Statistical Analysis

Data normality was verified using the Kolmogorov-Smirnov test. Data with non-normal distribution were submitted to Kruskal-Wallis test followed by Mann-Whitney post hoc with peer comparison. Significant level was set at 5%. Statistical analysis was done using the SPSS Statistics software (version 21; IBM Corp., NY, USA).


Mouth rinses and their main active ingredients, bacterial inhibition scores, and antibacterial activity are shown in Table 2. Of the mouth rinses evaluated, 86% have sodium fluoride at 225 or 226 ppm in their composition. Cetylpyridinium chloride was the most frequent antimicrobial agent used by the manufacturers, being in composition of 45% of the mouth rinses tested (Table 2). Essential oils are widely used among mouth rinses and were listed either as active or inactive ingredient by the manufacturers.

The mouth rinses showed similar behavior in their inhibitory activity among the species (Table 2), since the MIC assays resolutions is ±1. Therefore, the greater integer of mean (conservative mean) was considered for mouth rinses finals’ scoring.

MIC assays results were analyzed accordingly to CLSI (M07-A10)15 and recommended statistical analysis where applied to define break points15. Thus, mouth rinses could be divided in two major groups: those with inhibition value equal-below score 5, which we classified as a low antibacterial activity, or equal-above score 8, ones with a higher antibacterial activity.

About 70% of the mouth rinses achieved a high antibacterial activity (score ≥ 8) and 30%, a low antibacterial activity (score ≤ 5) (Table 2). It was evidenced that 51.4% of mouth rinses have a bactericidal activity and this was associated with the presence of cetylpyridinium chloride, essential oils associated with fluorine, or chlorhexidine digluconate compounds.

Mouth rinses composed by essential oils as sole antimicrobial agent showed lower antibacterial activity (mean score 5.7 ± 2.3) compared to cetylpyridinium chloride or chlorhexidine digluconate–based products (mean score 10.5 ±1.7) (p<0.01, Kruskal-Wallis). As essential oils, sodium fluoride used alone in mouth rinses exhibited low antimicrobial activity for all analyzed species compared to cetylpyridinium chloride materials (p<0.01).

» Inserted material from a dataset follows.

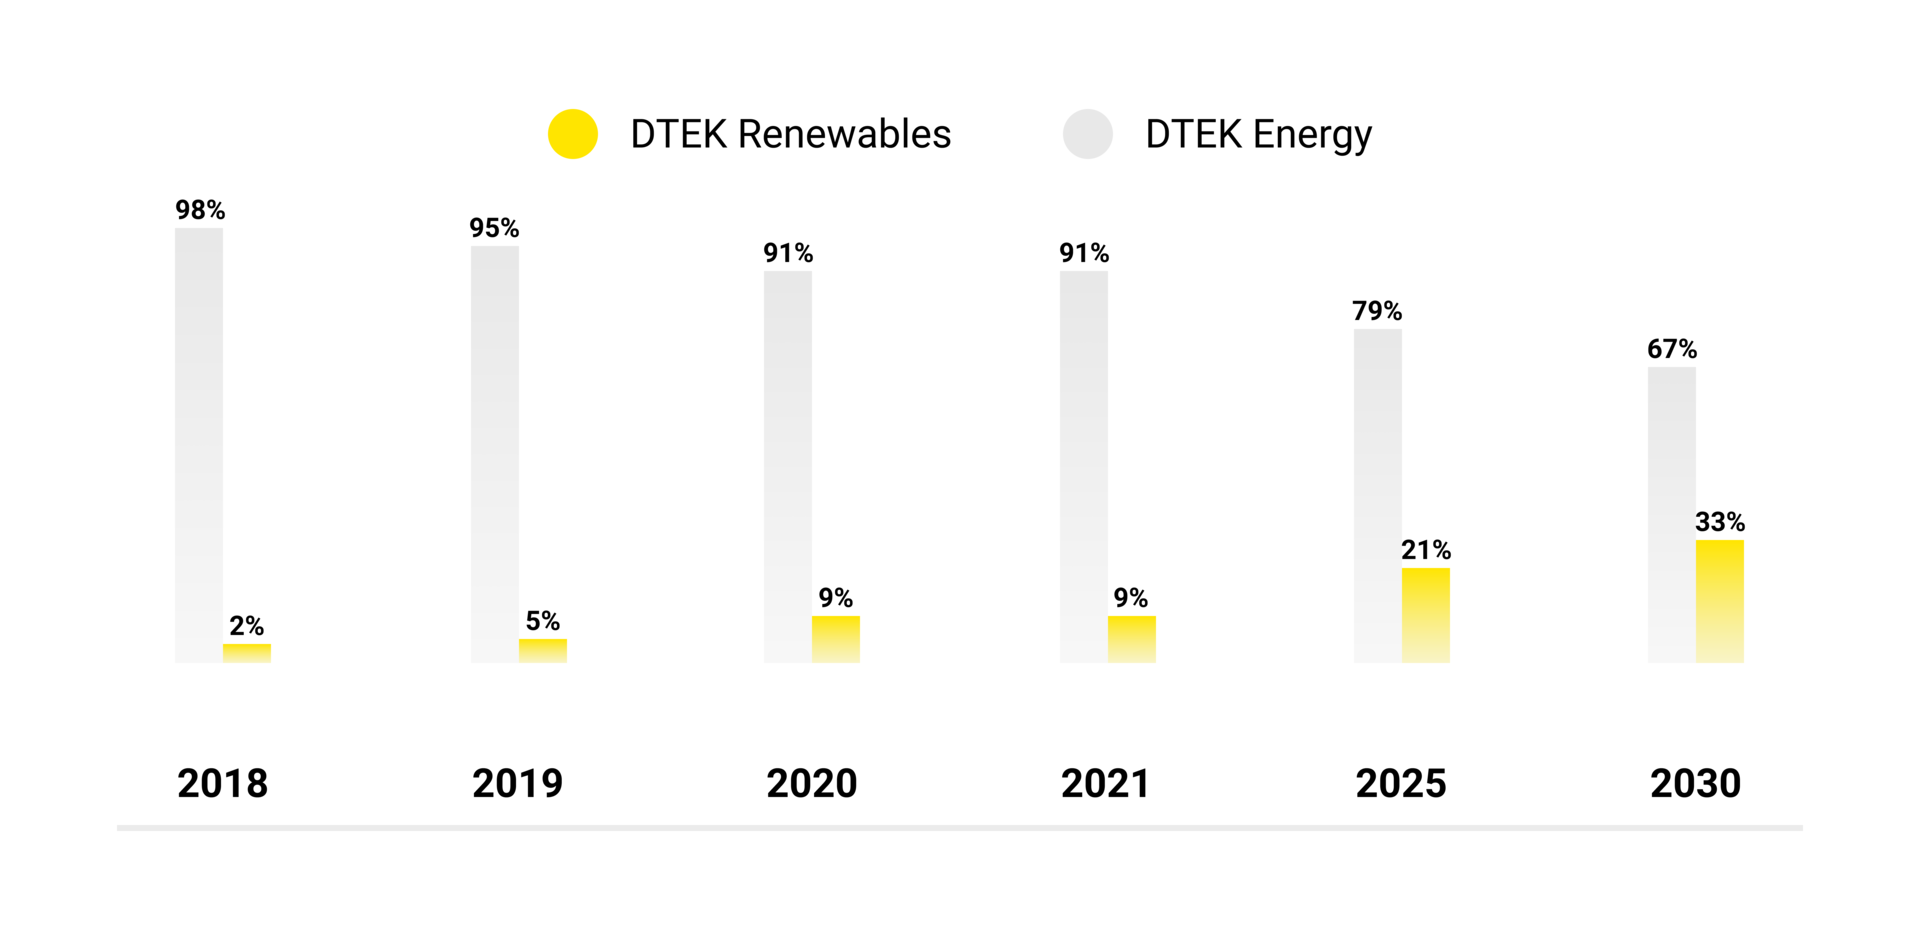 DTEK's strategic goal is to achieve carbon neutrality by 2040. Picture 4
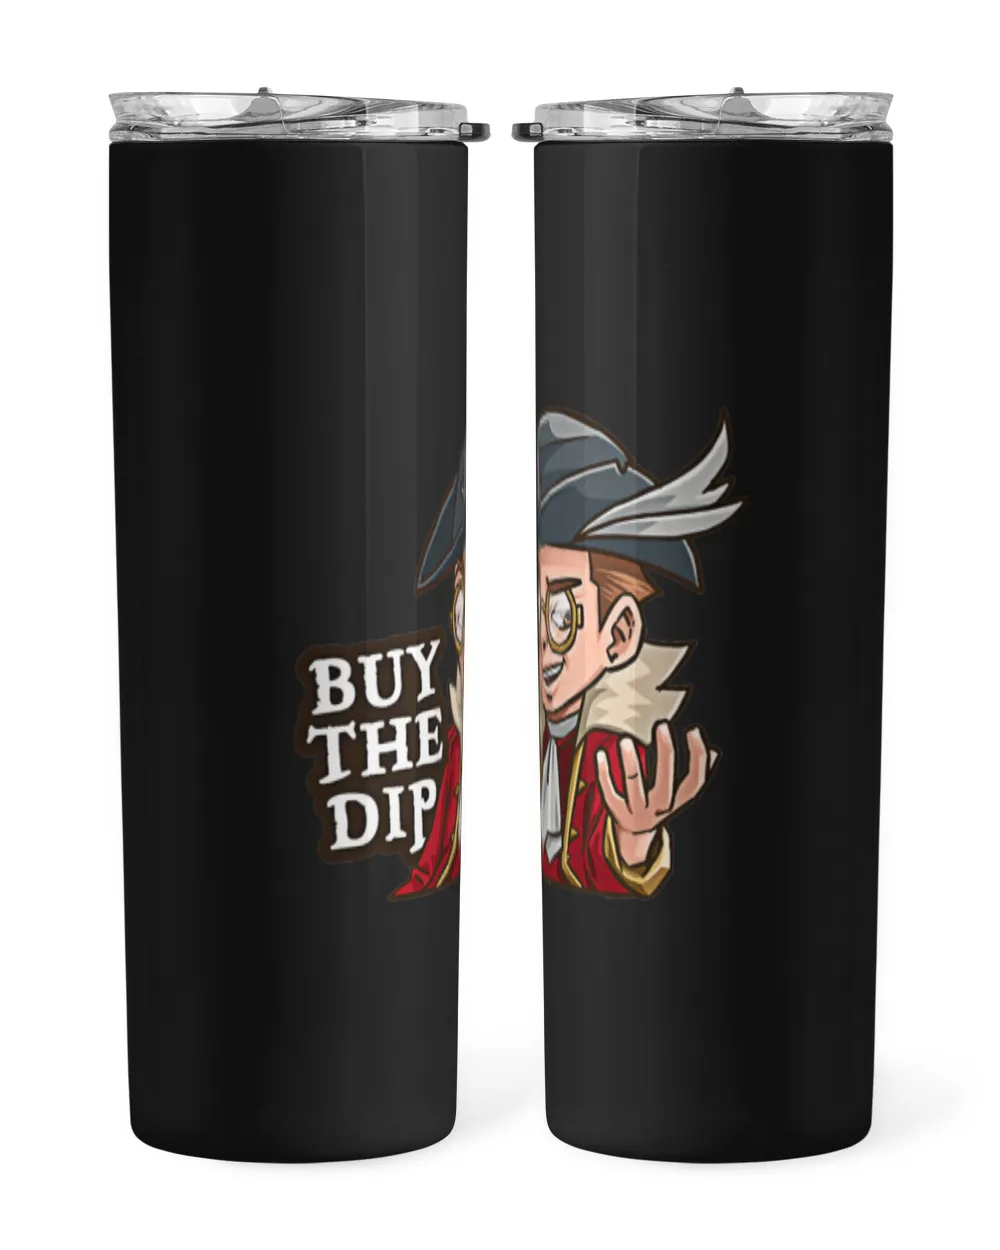 Buy the dip,  crypto cup,,

On the other hand, combinations between sodium fluoride and essential oils or other active principles were effective controlling the oral microorganisms evaluated in this study. In the same way, essential oils combined with tens active detergent (sodium lauryl sulfate) (8.4 ± 0.7) and disinfectant (hydrogen peroxide) (8.0 ± 0.4) were effective to control early colonizers.


Dental biofilm control is essential for preventing major infectious oral diseases3. Mechanical biofilm removal is effective in reducing attached bacteria and mouth rinses have been used as adjuvants for reduction of the bacterial load16.

Different active principles of mouth rinses influence on their antimicrobial activity16. Chlorhexidine digluconate appears to be the most effective antimicrobial agent16, but over-the-count mouth rinses widely available are mainly composed by the antimicrobial agent cetylpyridinium chloride (Table 2). The effectiveness of an antimicrobial agent in the oral cavity is also influenced by its substantivity11.

However, the different active principles and different available concentrations generate doubts about the influence of these variations on substantivity, specific action sites, toxicity and permeability of the chemical agent. These characteristics are relevant because they play an important role in the effectiveness in oral microorganisms’ control6.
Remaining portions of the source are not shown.